И она поцеловала его в щеку, около покрасневшего уха.
– Не трогай меня!.. Отойди!.. – и, поведя плечами, тихо добавил: – Я грязный…
Лилечка засмеялась и, щекоча за ухом, сказала:
– Ты чистенький, Павля! Помнишь, как мы с тобою вместе в ванне купались? Ты был беленький, как поросеночек, такой чистенький-чисте-е-нький!
– Отойди, Лилечка! Пожалуйста! Ради Бога!
– Не отойду, пока ты не станешь веселый. У тебя около уха маленькие бачки. Я сейчас только увидела. Дай, я поцелую их!

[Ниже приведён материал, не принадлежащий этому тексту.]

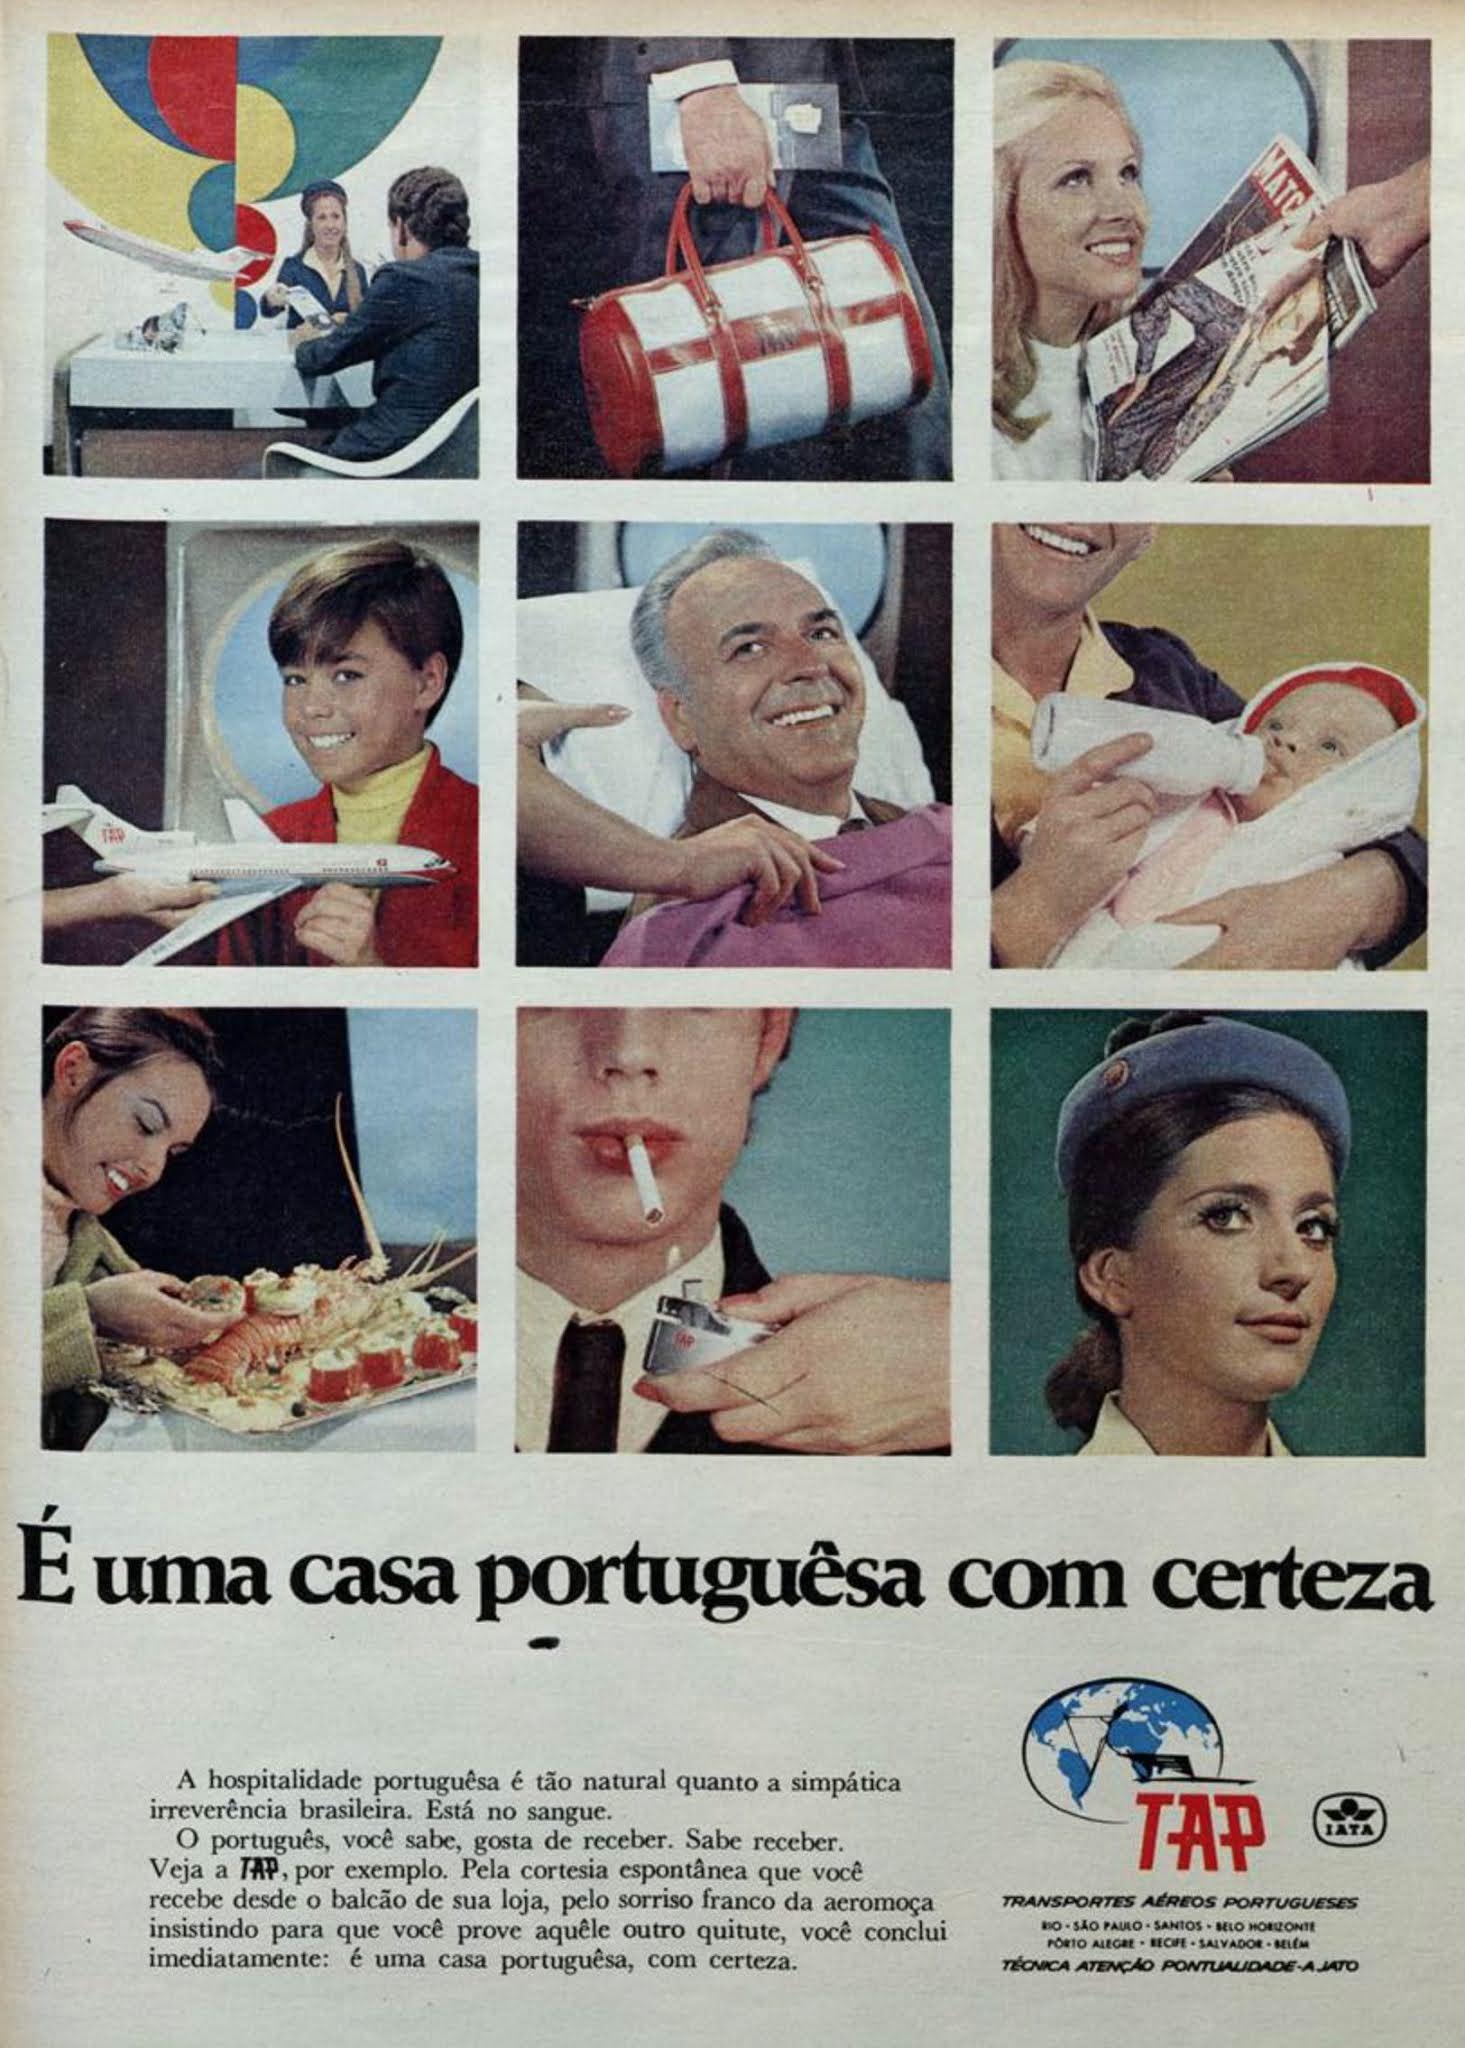 Anúncio de 1969 da companhia aérea portuguesa TAP

– Отойди, Лиля! Не трогай меня! Говорю я тебе, – глухо говорил Павел, пряча лицо, – я гря… грязный… Грязный! – тяжело выдохнул он мучительное слово и весь, с головы до ног, содрогнулся от мгновенно пронесшегося и сдержанного рыдания.
– Что с тобою, Павля, родной? – испугалась Лилечка. – Хочешь, я папу позову?

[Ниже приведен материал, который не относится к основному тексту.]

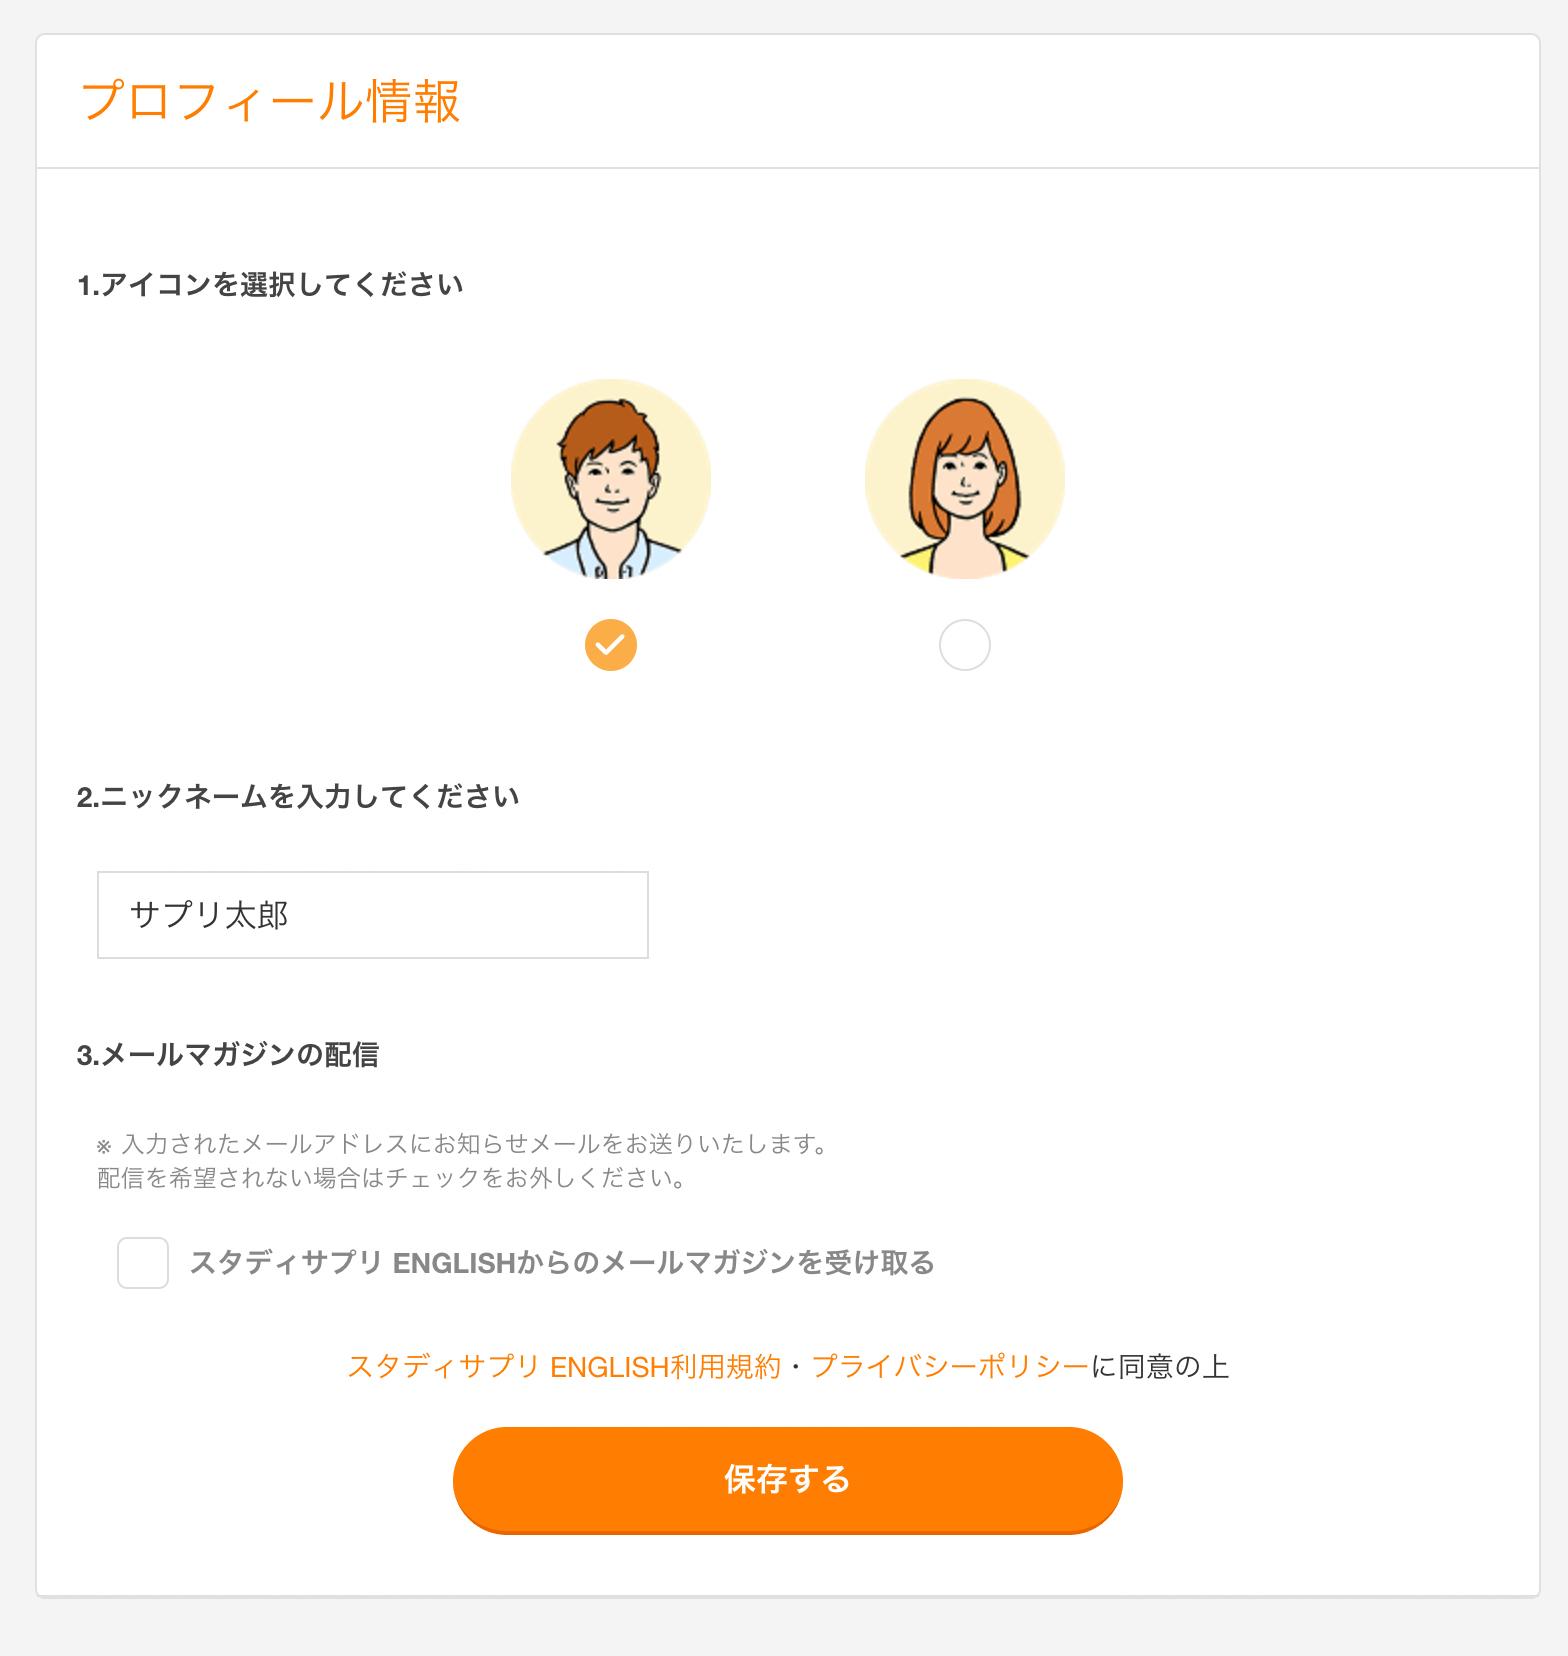 会員情報の確認 I スタディサプリ ENGLISH

Павел глухо, но спокойно ответил:
– Нет, не надо. Ничего со мною. Голова немного болит.
Лилечка недоверчиво и нежно гладила стриженый и крутой затылок и задумчиво смотрела на него. Потом сказала безразличным тоном:
– А вчера о тебе Катя Реймер спрашивала.
После некоторого молчания Павел, не обертываясь, спросил:
– Что спрашивала?
– Да так, вообще: как ты живешь, что делаешь, почему никогда не придешь к ним. Ведь они тебя звали?
– Очень ей нужно…
– Нет, Павля, не говори! Ты ее не знаешь. Она очень умная и развитая и интересуется тобою. Ты думаешь, она только танцы любит, а она много читает и кружок для чтения хочет устроить. Она постоянно говорит мне: «Какой умный твой брат».
– Она кокетка… и дрянь.
Лилечка вспыхнула, гневно оттолкнула Павла и встала.
– Сам ты дурной, если так говоришь.
– Дурной? Да. Что же из этого? – вызывающе сказал Павел, злыми и блестящими глазами глядя на сестру.
– То, что не смеешь так говорить! Не смеешь! – крикнула Лилечка, вся красная, с такими же злыми и блестящими глазами.
– Нет, ведь я дурной! – настаивал Павел.
– Грубый, несносный, всем отравляешь жизнь… Эгоист!
– А она дрянь, твоя Кать… Катя. И все вы дрянь, шушера!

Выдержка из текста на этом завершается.